In an ideal situation scripts allow me to function well enough to make it through encounters. In a not so ideal situation I don’t have the required scripts available and am forced to go off road and or use scripts not suited to the situation.
(people x environment x actions being taken = effectiveness of script)
New people, new environments and unfamiliar actions all increase the difficulty level of the situation exponentially. As a result certain things are very important to me.
-What is the current goal of the social unit one is interacting with? (Social unit can be an individual, group or vague collective) Multiple individuals, groups, new people all increase the variables. Less clear goals. Clear goals are very important. Playing games or working on a task with clear defines goals and or boundary’s is incredibly soothing.
Certain incoming stimuli can be very disorientating. This increases the need to know Where we are going which ties into what the groups overall goal is. Clear goals means clear destinations. Means a better idea of what kind/number of people and environments will be faced in the future.
Over exposure to aforementioned factors can result in.
-Intense anxiety
-fatigue
-headaches
-burnout/shutdown
Further issues.
-When interacting with people I become almost blind to my surroundings.
-Stimming (waving hands around, pacing, moving in odd ways) is a very important pressure valve.
-Monitoring volume and tone of voice is very difficult
-My accent is weird
-Black and white thinking
-Very sensitive to physical stimuli (will only wear certain clothes)
-Lack of inhibition
-Extremely specific interests (almost perfect memory in relation to those interests)
-Liable speak in monotone
-little awareness of other (this is actually flipped to hyper awareness of other as a result of scripts, but I miss certain seemingly obvious things very regularily)
All of what I’ve said so far make me so sound pretty weird. But in reality I appear fairly normal and do normal things for someone of my age. All of the aforementioned things don’t appear nearly as apparent as I actively offset them with specific scripts that make me act ‘normal’
I’ve been learning scripts my whole life but only as a kind of instinctive response. When I was 14 I started actively putting every ounce of my energy into learning scripts. Before then I was very self contained teenager. I was completely non functional in any group setting, and came off as quite weird in individual interactions.
Socially I was fairly reliably quite a few years behind my peers. At 9 I had the social intelligence of a 5 year old, at 14 the social intelligence of a 9 year old. From then on I developed rapidly. But at a serious cost. Like I said before scripts are incredibly draining.
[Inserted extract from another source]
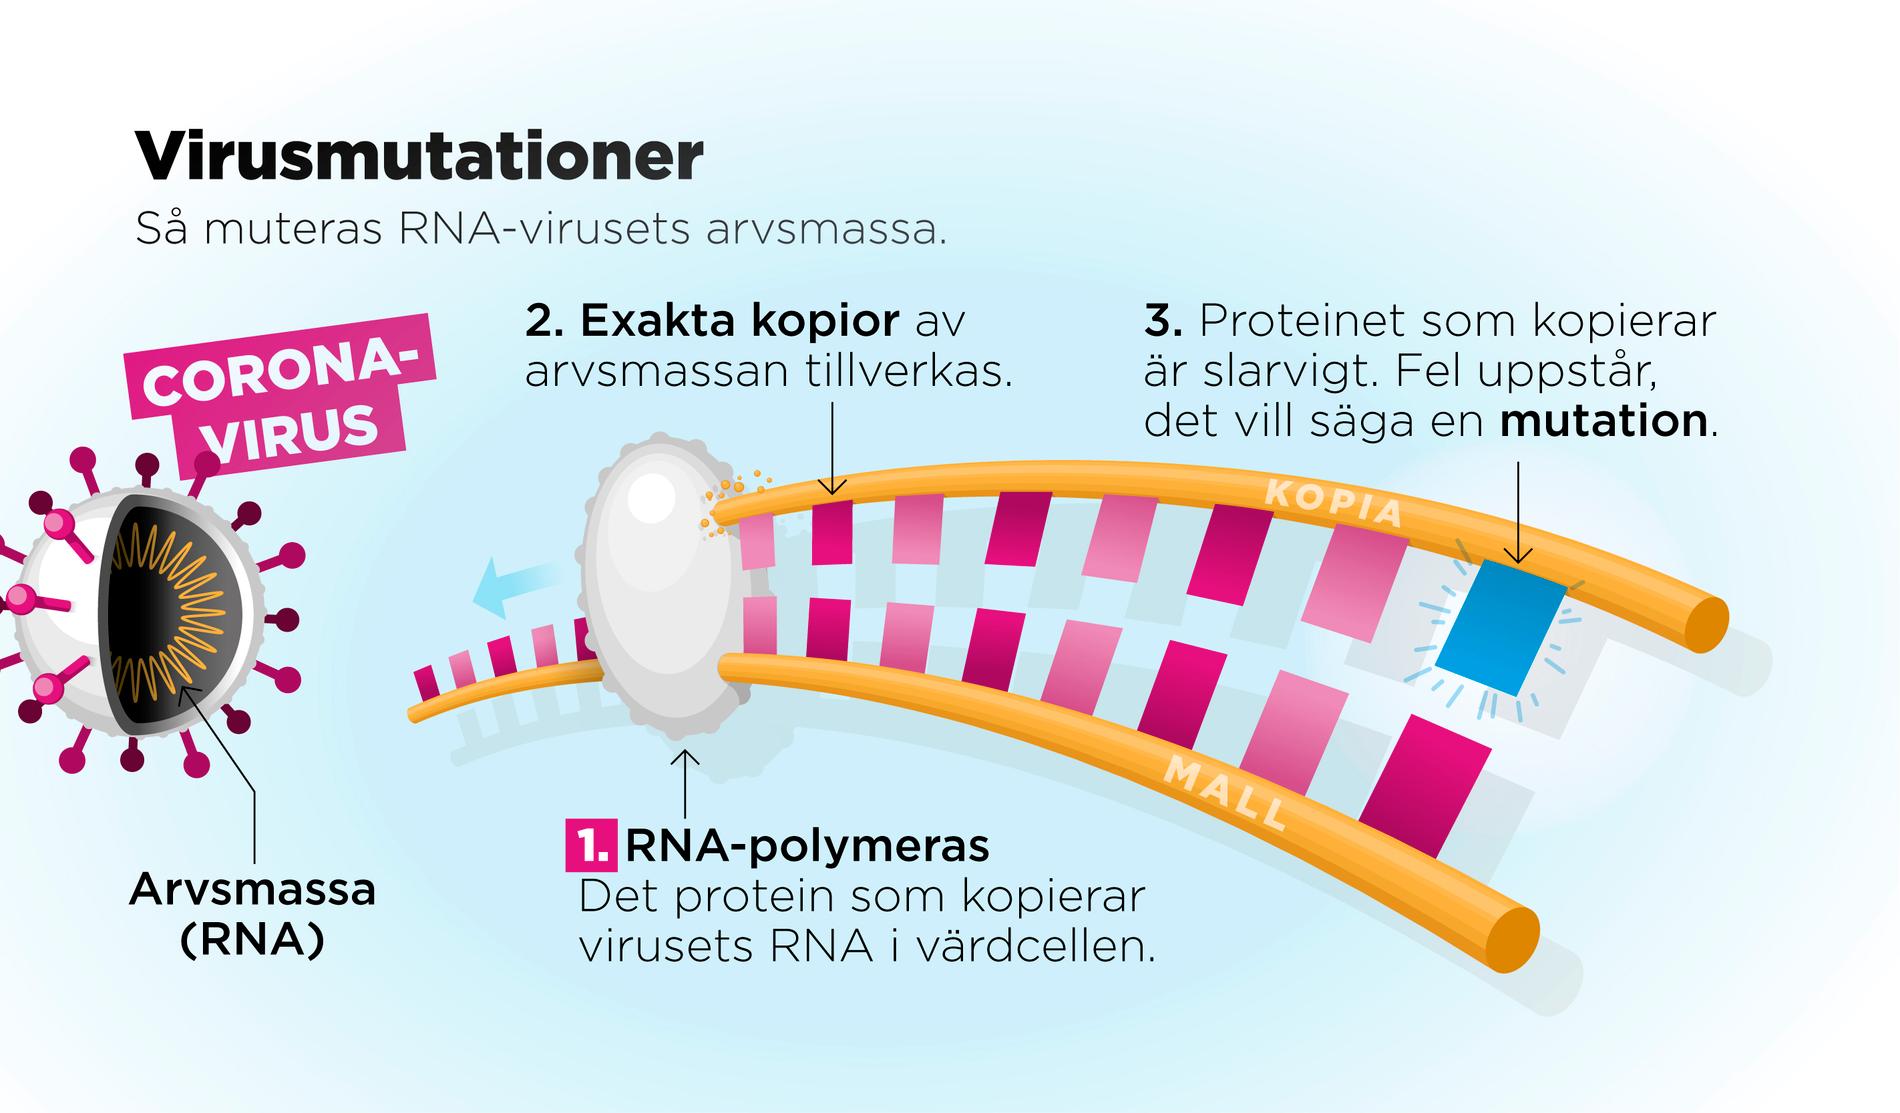 Coronaviruset är ett så kallat RNA-virus. I dessa virus består arvsmassan av RNA. När virusets protein misslyckas med att kopiera arvsmassan uppstår en mutation.
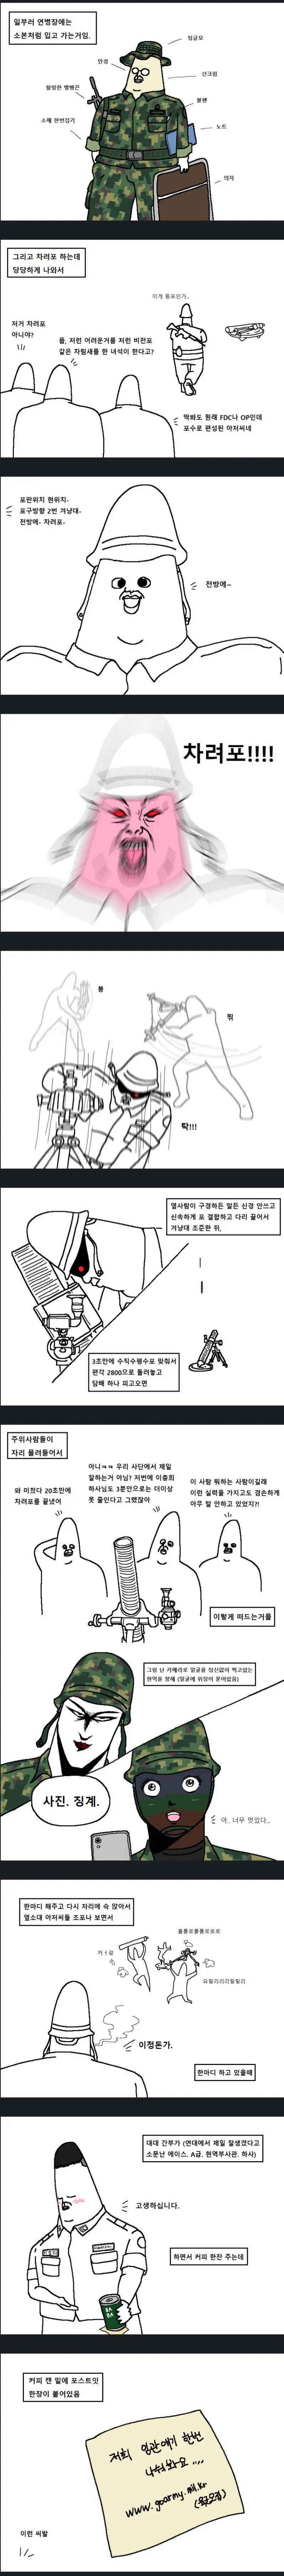 예비군 박격포로 주변 지리게 만든 만화....jpg | mbong.kr 엠봉

One script I remember learning when I was very young was eye contact. I did not usually look people in the eye when communicating. But my father always told me to look him and others straight in the eye when talking to them. I very quickly switched to always looking people in the eye. This unsettled them. It was only years later when I was 12 that a teacher explained to me that its important to look away from people every now and again when talking to them. So I set a timer in my head to go off every 5-10 seconds to look away. Much of my scripts are like this. Specific responses to specific incoming and outgoing visual stimuli. Increasinging to crazy complex levels.
When my scripts don’t work. And a few of the bad things line up. I wont become non functional, it might not even be apparent to an outsider that anything major is wrong. I might become a little haphazard or withdrawn, maybe a little moody, or possibly over friendly. But inside I could be having a panic attack. I just let my scripts run automatically and quietly burn down in my head.
Shutdown was more common when younger, now burnout is more common. Burnout or ‘social hangover’ can lead to up to days of intense anxiety, headaches, fatigue, lethargy, depression, confusion.
I find it almost impossible to talk about these experiences to people. They nod and say they get it. I think maybe it is so alien to them that they equate the result with the cause. The result being anxiety.